Chris heard no more, but stood looking
confusedly after the crowd following the woman he
had saved, and as he began to recover himself a little
more, he realised that the strange voice was that of
the over-dressed man who had been in Glyddyr’s
boat, and that Gartram and then Doctor Asher had come
down the pier, and had gone back to the cliff road,
while he, though he hardly realised the fact that it
was he so strangely confused he felt was
seated on one of the low stone mooring posts, with
a rough fisherman’s arm about his waist, and
the houses on the cliff and the boats in the harbour
going round and round.
“Come, howd up, brave lad,” said a rough
voice.
“Here, drink a tot o’
this, Master Lisle, sir,” said another, and a
pannikin was held to his lips.
“Seems to me he wants the doctor, too,”
said another.
“Nay, he’ll be all right
directly. That’s it, my lad. That’s
the real stuff to put life into you. Now you
can walk home, can’t you? A good rub and
a run, and you’ll be all right. I’ve
been drownded seven times, I have, and a drop of that
allus brought me to.”
“That’s very strong,”
gasped Chris, as he coughed a little.
“Ay, ’tis,” said
the rough seaman, who had administered the dose.

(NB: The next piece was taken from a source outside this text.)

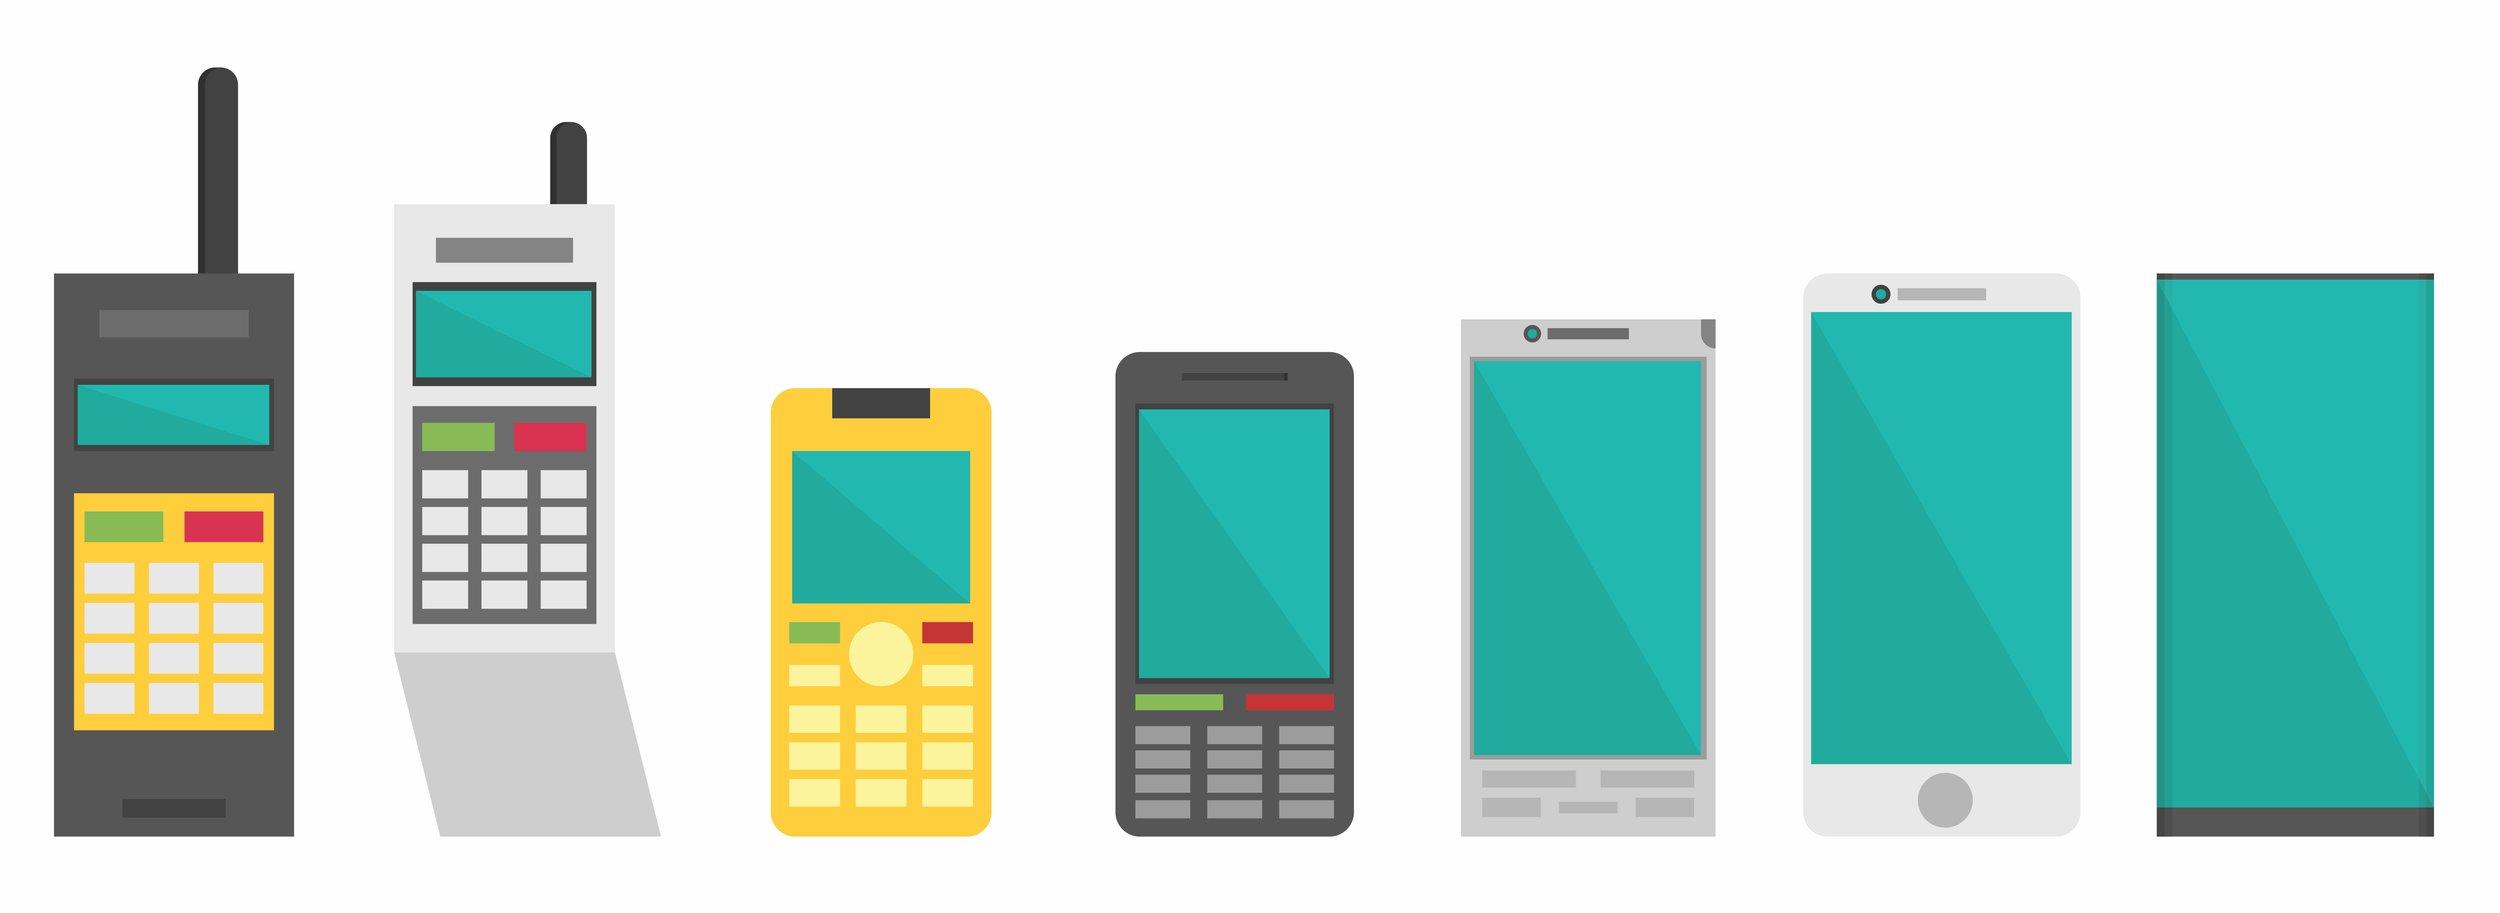 phone-design-2.jpg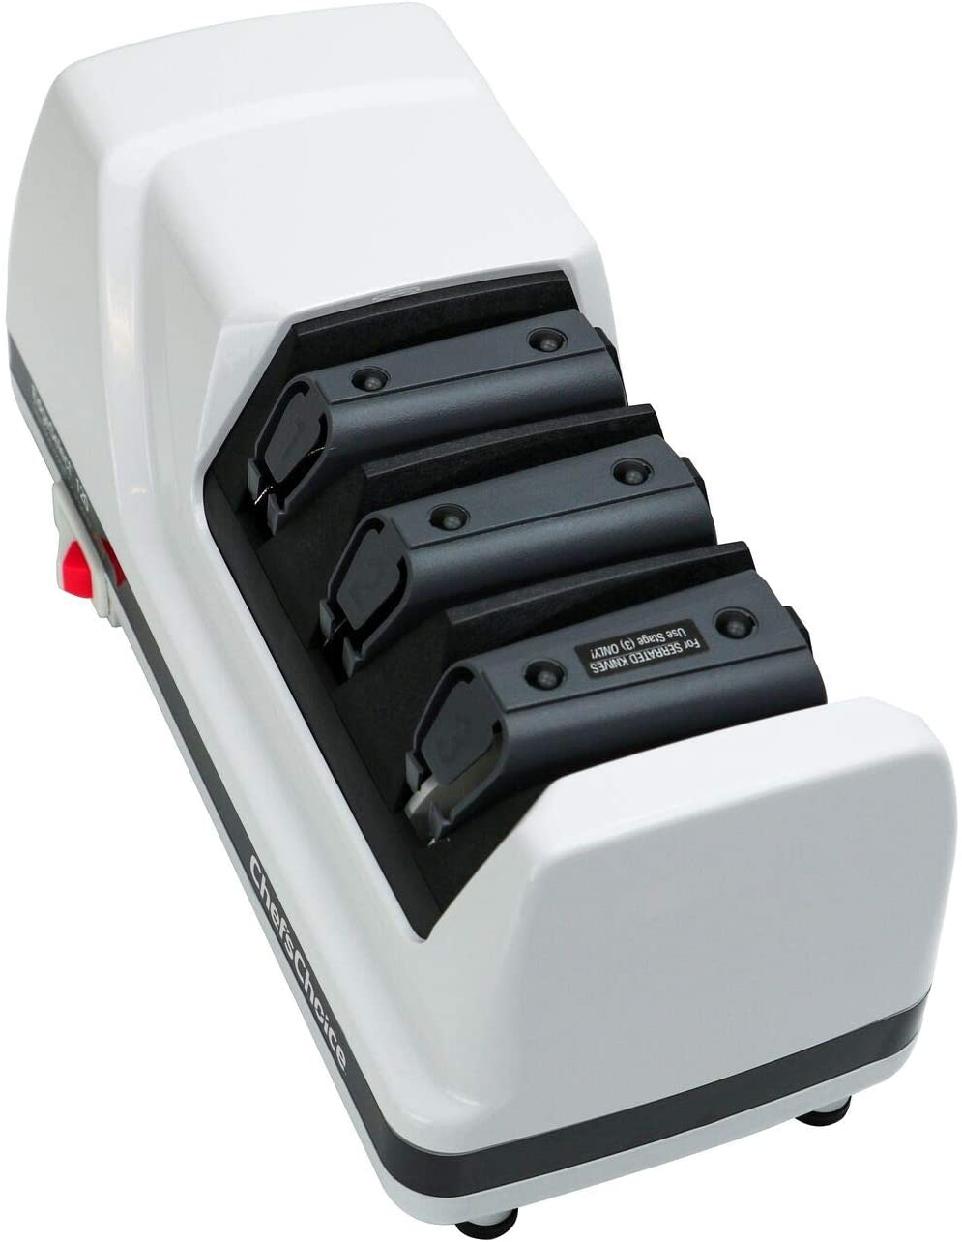 Chef's Choice(シェフチョイス)電動式包丁研ぎ器 120Nの商品画像3

“It’s stuff as the ’cise forgot
to put the dooty on.”
“I can stand now,” said
Chris, as the sense of confusion and giddiness passed
off; and when he rose to his feet, the first thing
he caught sight of was Glyddyr’s gig, by where
the yacht was moored.
“Who saved me?”
“That gent in Captain Glyddyr’s
boat, my son. Got a howd on you with the boat-hook,
and, my word, he’s given you a fine scrape.
Torn the flannel, too.”
“Thank you, thank you. I can manage now.”
“No, you can’t, sir.
You’re as giddy as a split dog-fish. You
keep a hold on my arm. That’s your sort.
I’ll walk home with you. Very plucky
on you, sir. That gent’s wife, I suppose?”
“Eh? Yes. I don’t know.”
“Didn’t want to be left
behind, I s’pose. Well, all I can say is,
he’d ha’ been a widower if it warn’t
for you.”
By this time they were at the shore
end of the pier, but Chris still felt weak and giddy,
and leaned heavily upon the rough seaman’s arm,
walking slowly homeward, with quite a procession of
blue-jerseyed fishers and sailors behind.
Then, as from out of a mist in front
he caught a gleam of a woman’s dress, and the
blood flushed to his pale face as he saw that Claude
was coming toward him, but stopped short, and it was
Mary Dillon’s hand that was laid upon his arm,
and her voice which was asking how he was.